• _Exercise brief_:
Copy exactly, beginning with the line holding "DIY project at" and ending with the final line of the data beneath this task; copy nothing else, and leave out every picture.

• _Given material_:
==========

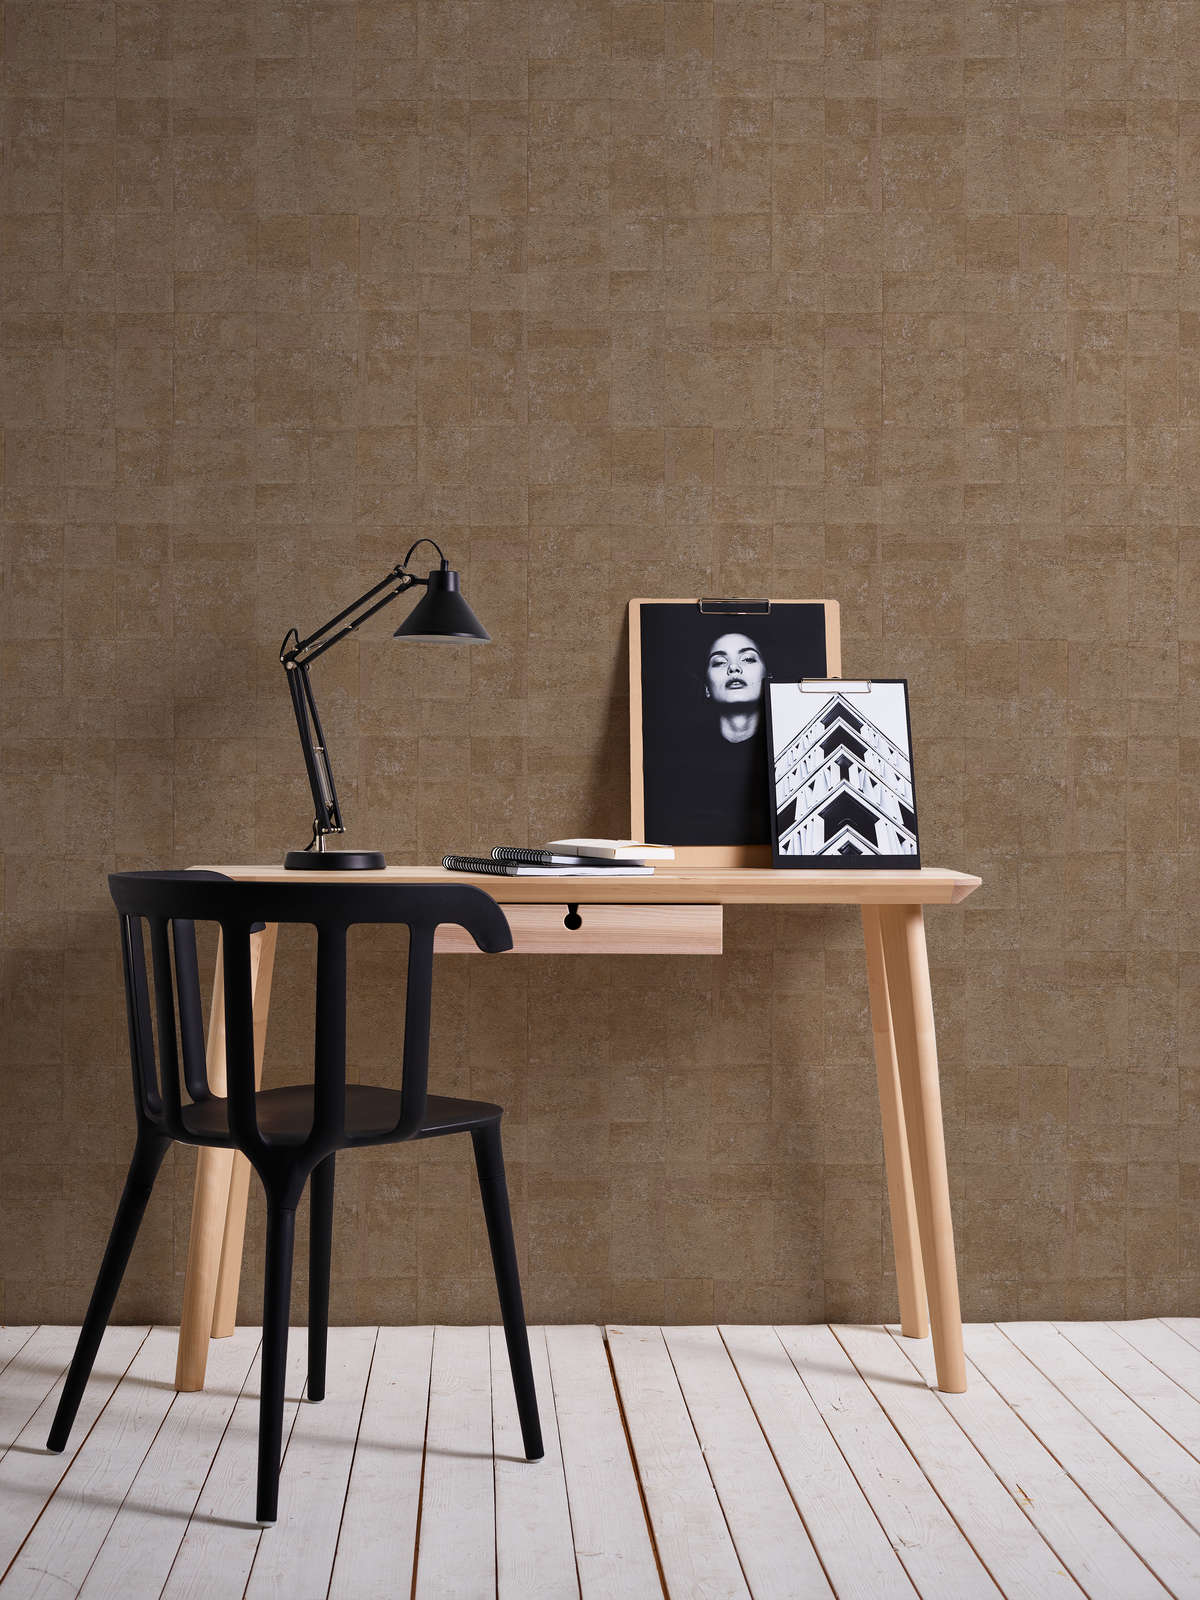             Textured non-woven wallpaper in tile look with metallic effect - Gold
        
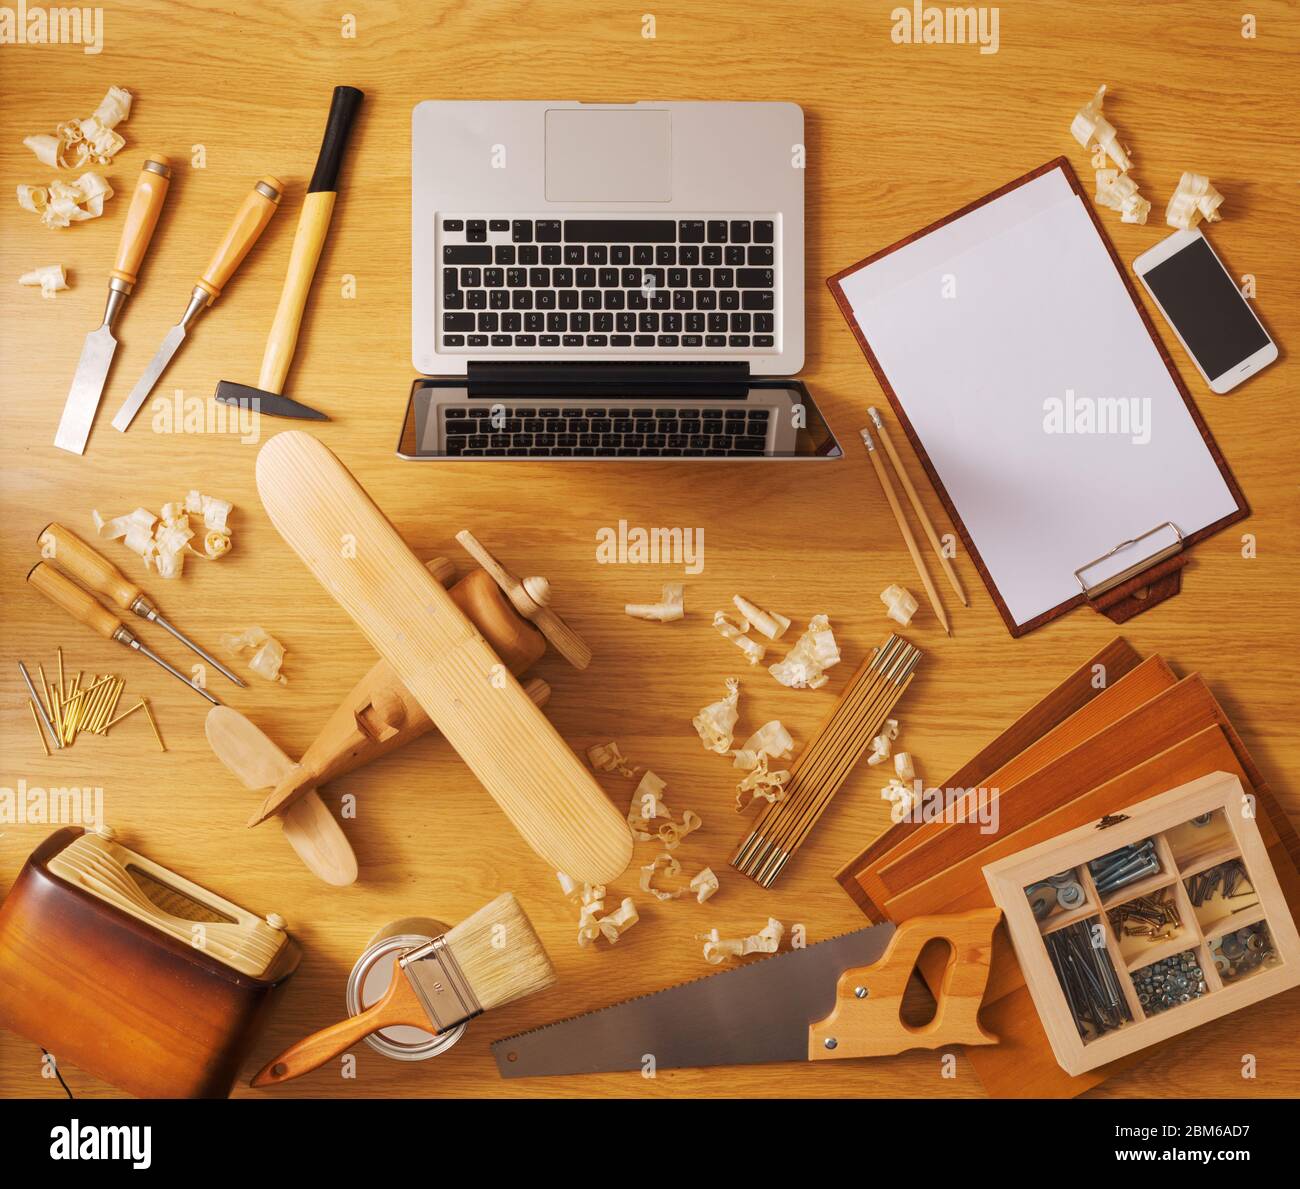 DIY project at home concept, work table with handmade wooden toy airplane and carpentry work tools, top view Stock Photo
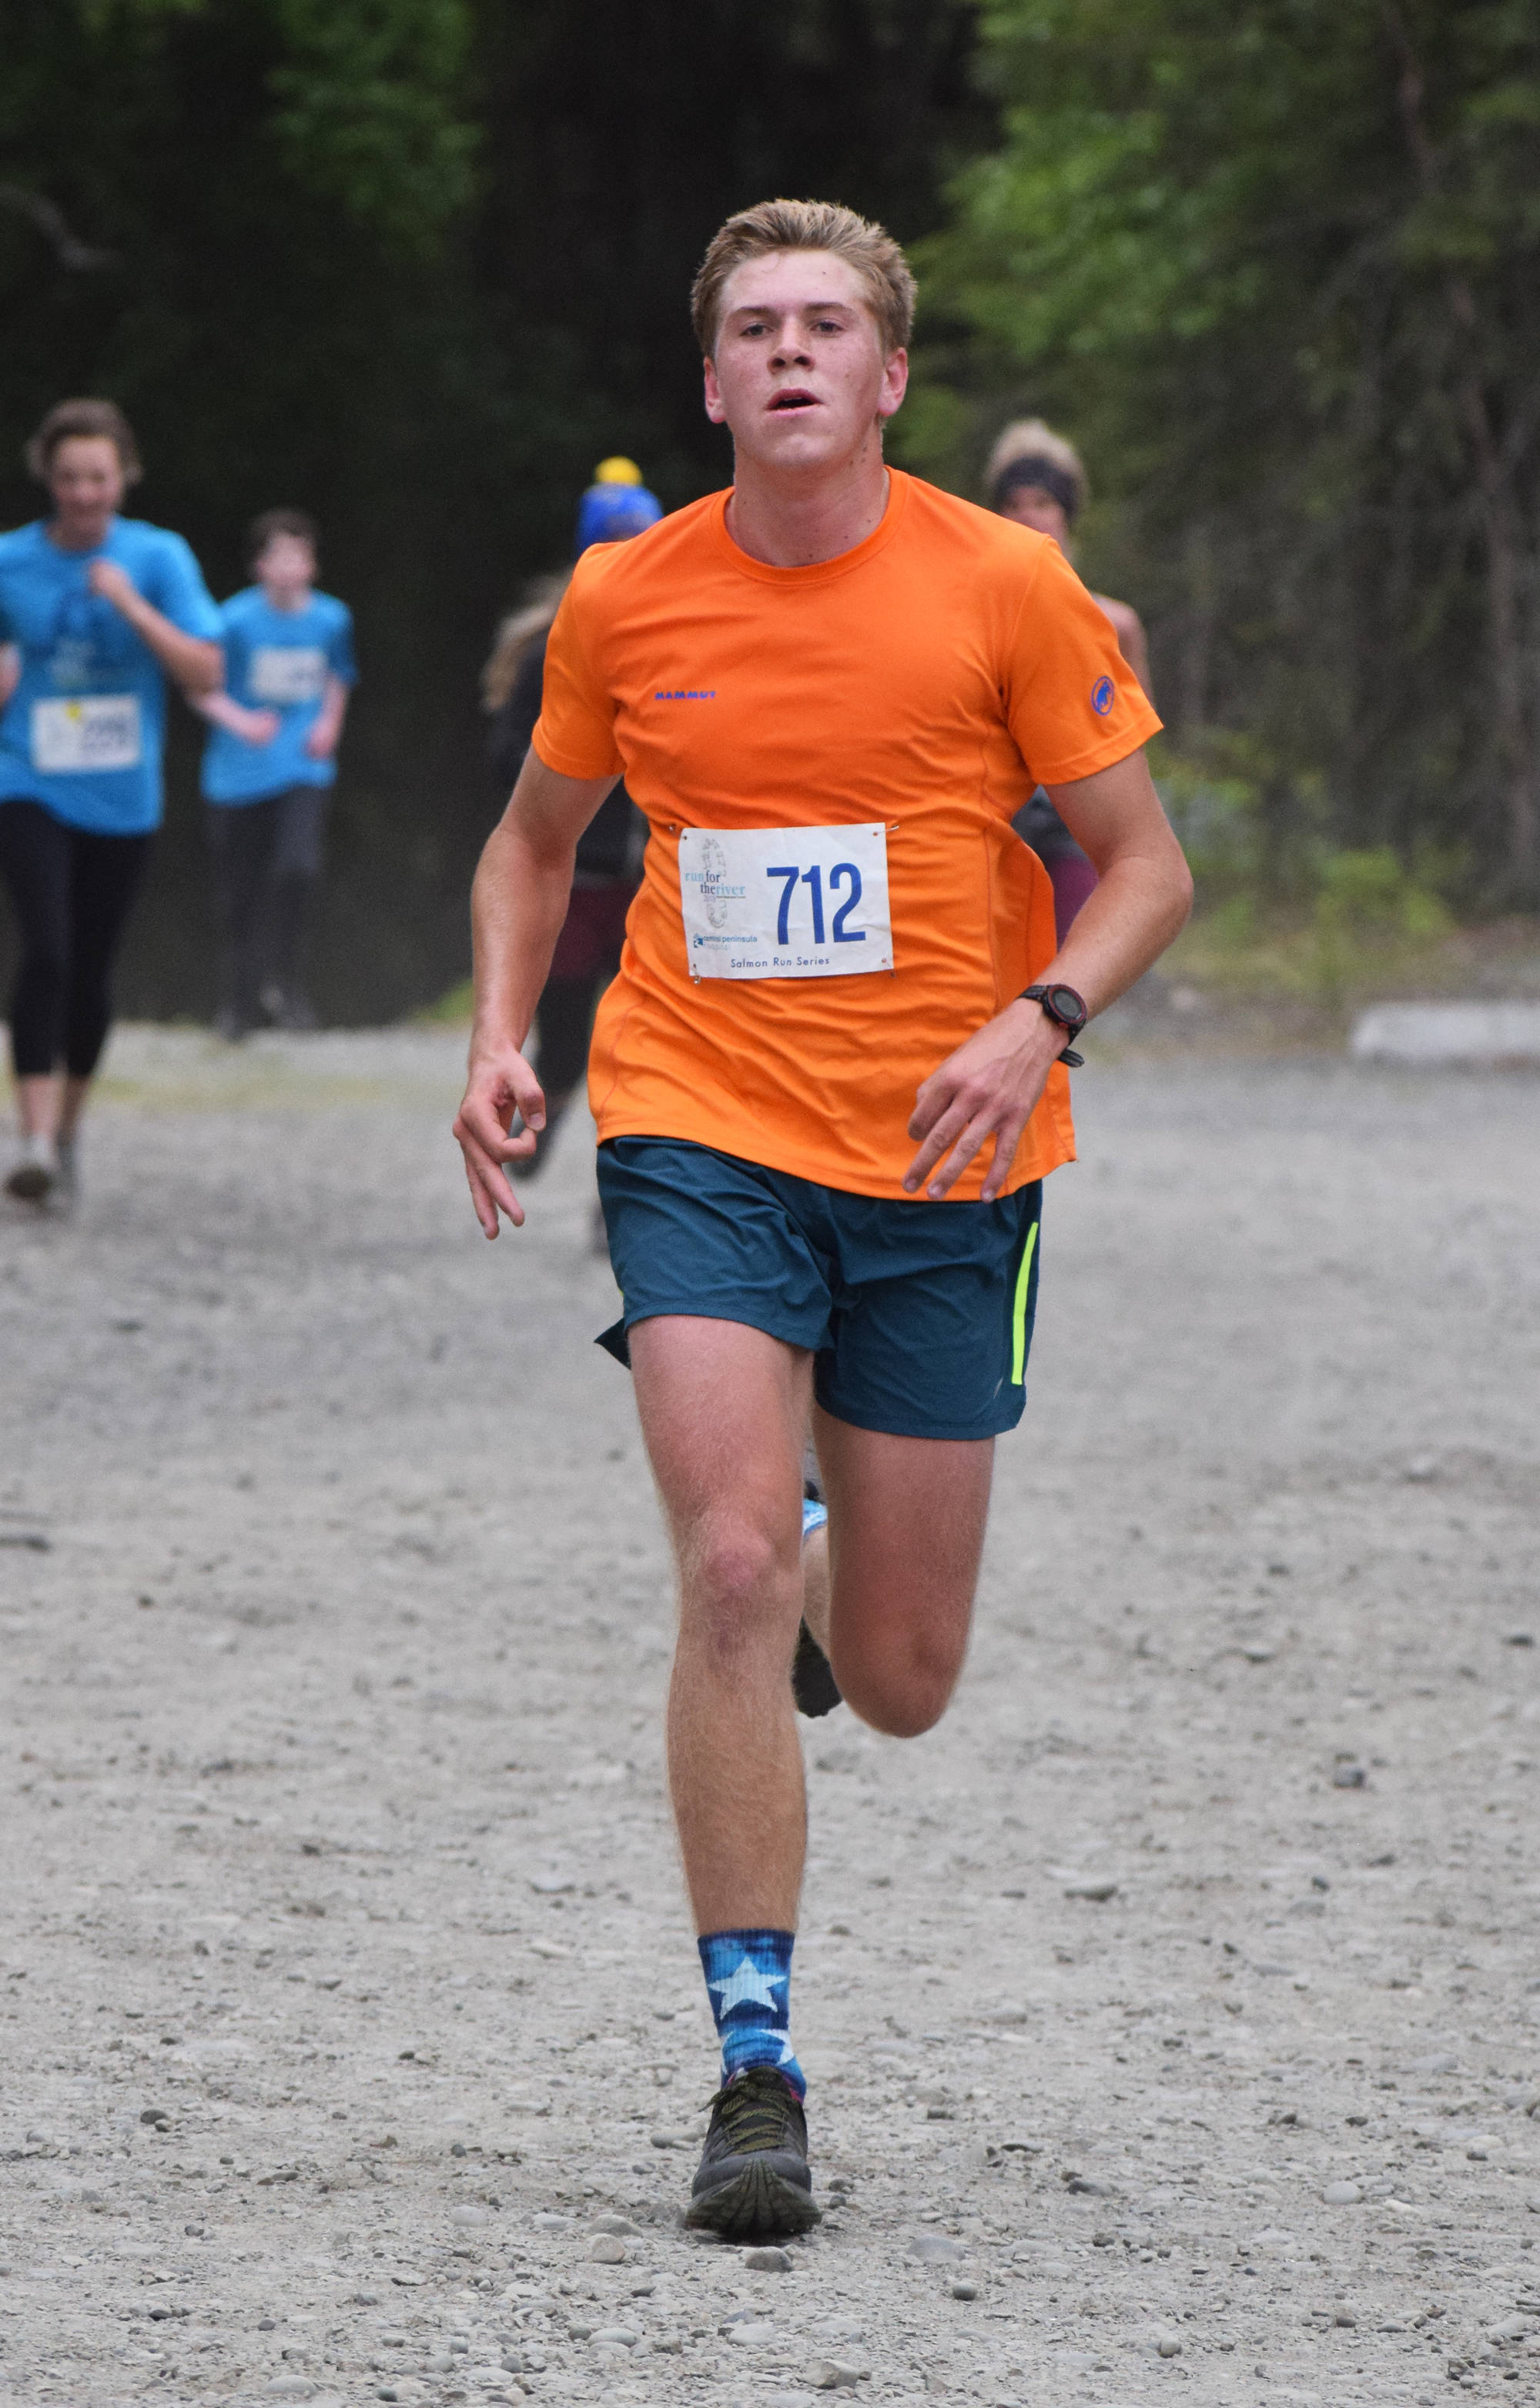 Men’s 10-mile winner Will Steffe approaches the finish line Saturday, June 8, 2019, at the Run for the River 5-kilometer/10-mile races in Soldotna, Alaska. (Photo by Joey Klecka/Peninsula Clarion)

==========

• _Answer to this problem_:
 DIY project at home concept, work table with handmade wooden toy airplane and carpentry work tools, top view Stock Photo
 Men’s 10-mile winner Will Steffe approaches the finish line Saturday, June 8, 2019, at the Run for the River 5-kilometer/10-mile races in Soldotna, Alaska. (Photo by Joey Klecka/Peninsula Clarion)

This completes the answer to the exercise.